As I briefly mentioned, Nordstrom’s success comes from smart management. Their discount-centric Nordstrom Rack has generated significant success. Moreover, the company has become much more inclusive, offering inventory and an environment that caters to all sizes.
It’s attention to the small details that sets apart JWN stock from rival offerings. Since the competition hasn’t really kept up, I expect Nordstrom to continue leading the way.
Ulta Beauty (ULTA)
When investors consider blue-chip stocks for Black Friday, Ulta Beauty (NASDAQ:ULTA) doesn’t really fit the common narrative. However, ULTA stock has proven exceptionally resilient in light of recent broader volatility.
For instance, the organization mitigated its losses during the October selloff. While the largest beauty retailer in the U.S. suffered choppiness, ULTA stock dropped only 3%. I know many companies that would love to trade places with Ulta.
A critically important factor driving up share prices is that the beauty specialist is virtually Amazon-proof. Ulta offers a convenient channel for customers to get hands-on with their target products before making a purchase. That’s not a process you can easily duplicate with e-commerce, thus potentially boosting ULTA stock.
Finally, the retailer is likely to offer substantive deals this Black Friday. Prior sales have included half-off pricing, and buy-one-get-one-free, or BOGO deals.
General Motors (GM)
Among the blue-chip stocks to buy mentioned here, General Motors (NYSE:GM) could be the strangest pick. After all, the automotive market has faced fundamental turbulence, driving down most sector players.

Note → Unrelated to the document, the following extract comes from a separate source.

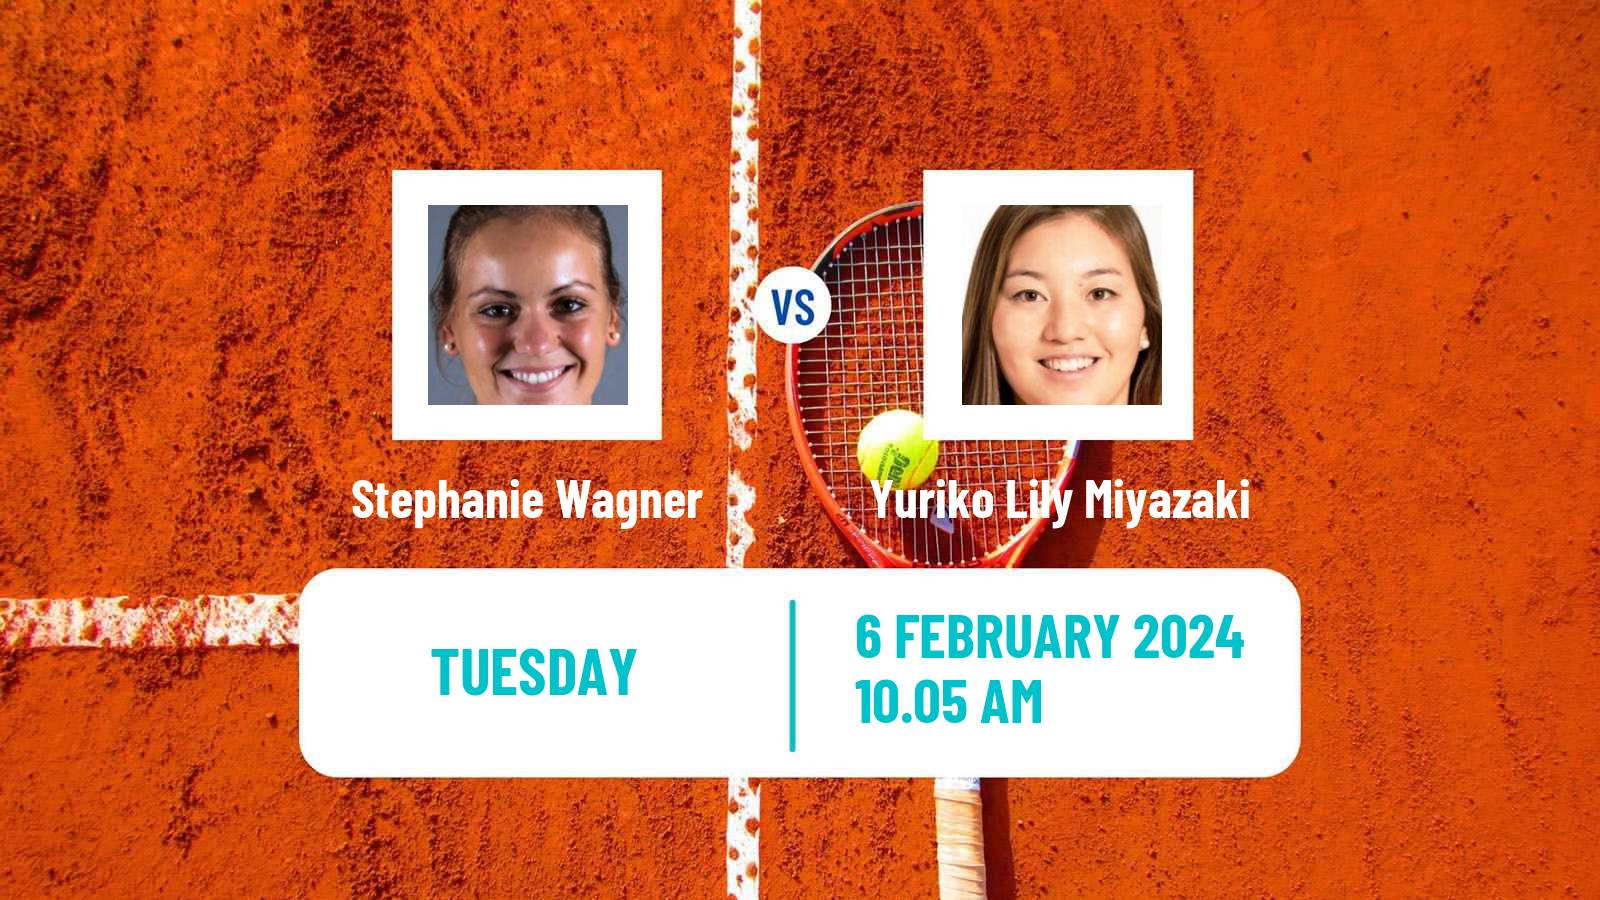 Tennis ITF W50 Edgbaston Women Stephanie Wagner - Yuriko Lily Miyazaki

So why take a shot on GM stock? Simply put, the competitive pool declined in favor of General Motors. A direct consequence of President Donald Trump taking a hard-line stance on fair trade, Japanese automakers like Toyota (NYSE:TM) have struggled for traction.
I’m not entirely sure how long this circumstance will benefit GM stock, but it could last for a while. Japanese automakers are just as reliant on Chinese sales to make their numbers work. Geopolitically, this is a delicate situation as Japan can’t afford to cozy up to China too closely given its security relationship with the U.S.
As of this writing, Josh Enomoto did not hold a position in any of the aforementioned securities.